The new rule, which will become a part of the NYSE’s listing standards, was proposed in September and is expected to be formally implemented in a few months. The Journal noted, however, that it stops short of levying big penalties or imposing additional delistings.

Under the proposed rules, companies that don’t file audited results within 12 months of their due date would be delisted, according to the report. In the intervening time the exchange would “encourage” the companies to regularly provide updates on the status of their filings through press releases and partial results, and it would require company officials to be in regular contact with the exchange.

Until now, companies have been required only to inform the exchange and their shareholders that they will be late, and why, and then indicate when they do plan to file.
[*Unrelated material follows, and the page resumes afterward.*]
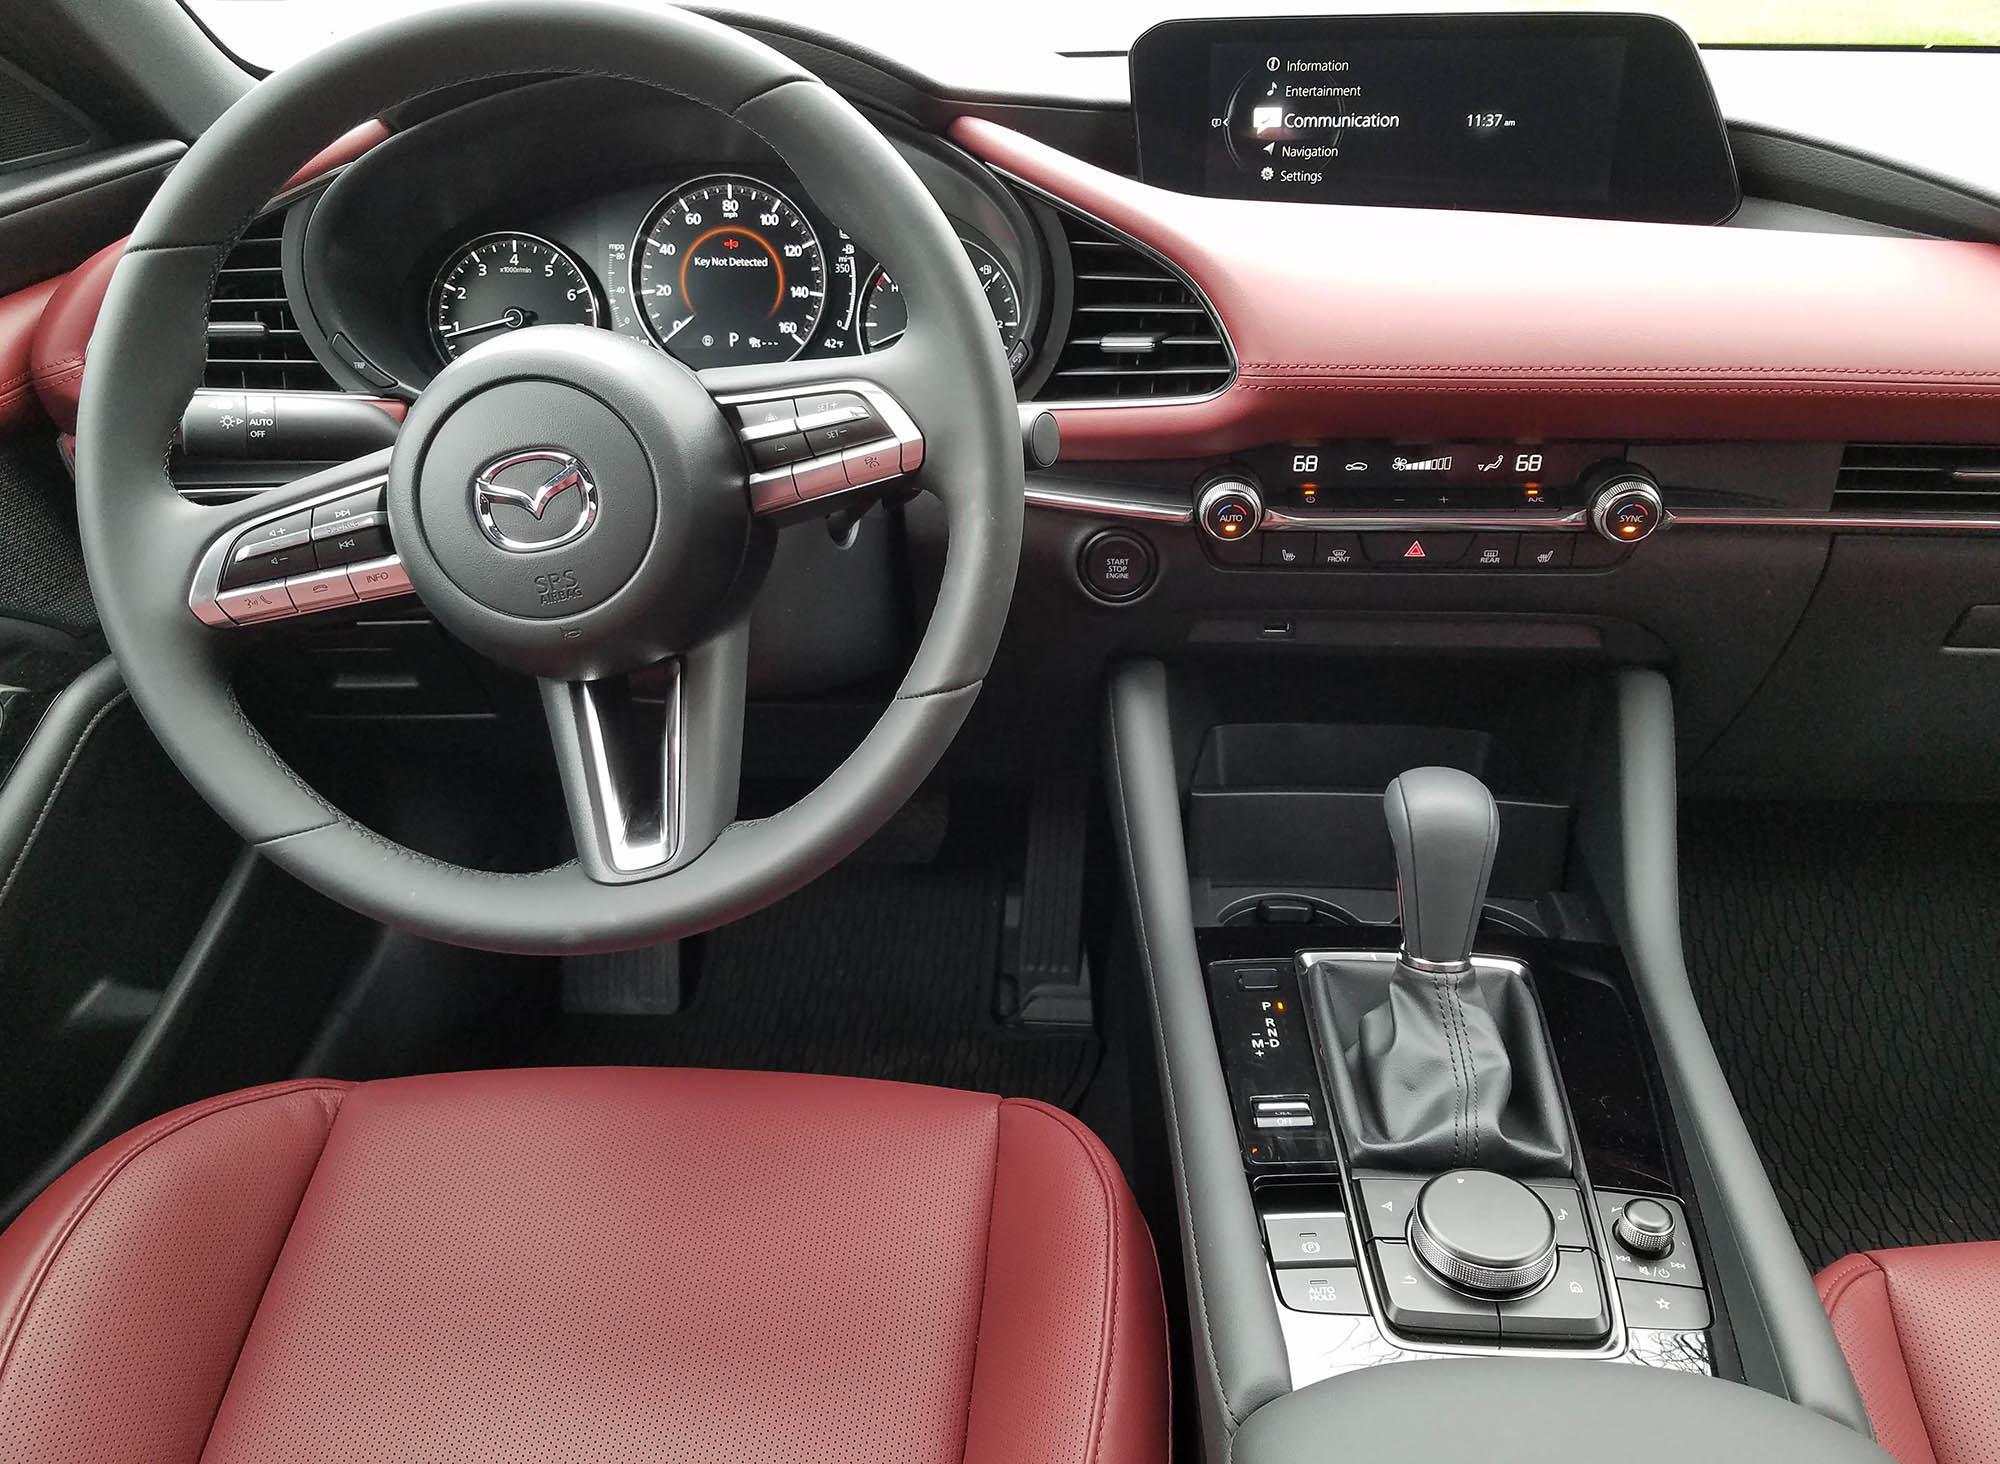 2019 Mazda3 Platinum AWD Hatchback Review: Sleek, Fast & Fun

According to the Journal, there is little written down about the consequences for a company misses a deadline.

The newspaper pointed out that of the dozen or so companies that failed to file annual reports on time in the past two years, only Interpool Inc. and Footstar Inc. were delisted.

At least 61 companies with a market capitalization exceeding $100 million sought more time to file their September quarterly results, according to proxy research firm Glass Lewis, compared with 30 in the second quarter and 36 in the first quarter. As for 2003 annual reports, 59 such companies filed for extensions, but the research firm noted that year-end delays are generally more common.

In November, the Securities and Exchange Commission postponed by one year what would have been a new, earlier deadline for most companies to file their annual and quarterly reports. For an additional year the deadline for accelerated filers will remain at 75 days after year-end for annual reports and at 40 days after quarter-end for quarterly reports.

Beginning with fiscal years ending on or after December 15, 2005 — which will mark the final phase of regulations designed to speed up filings — those deadlines will be trimmed to 60 days and 35 days respectively.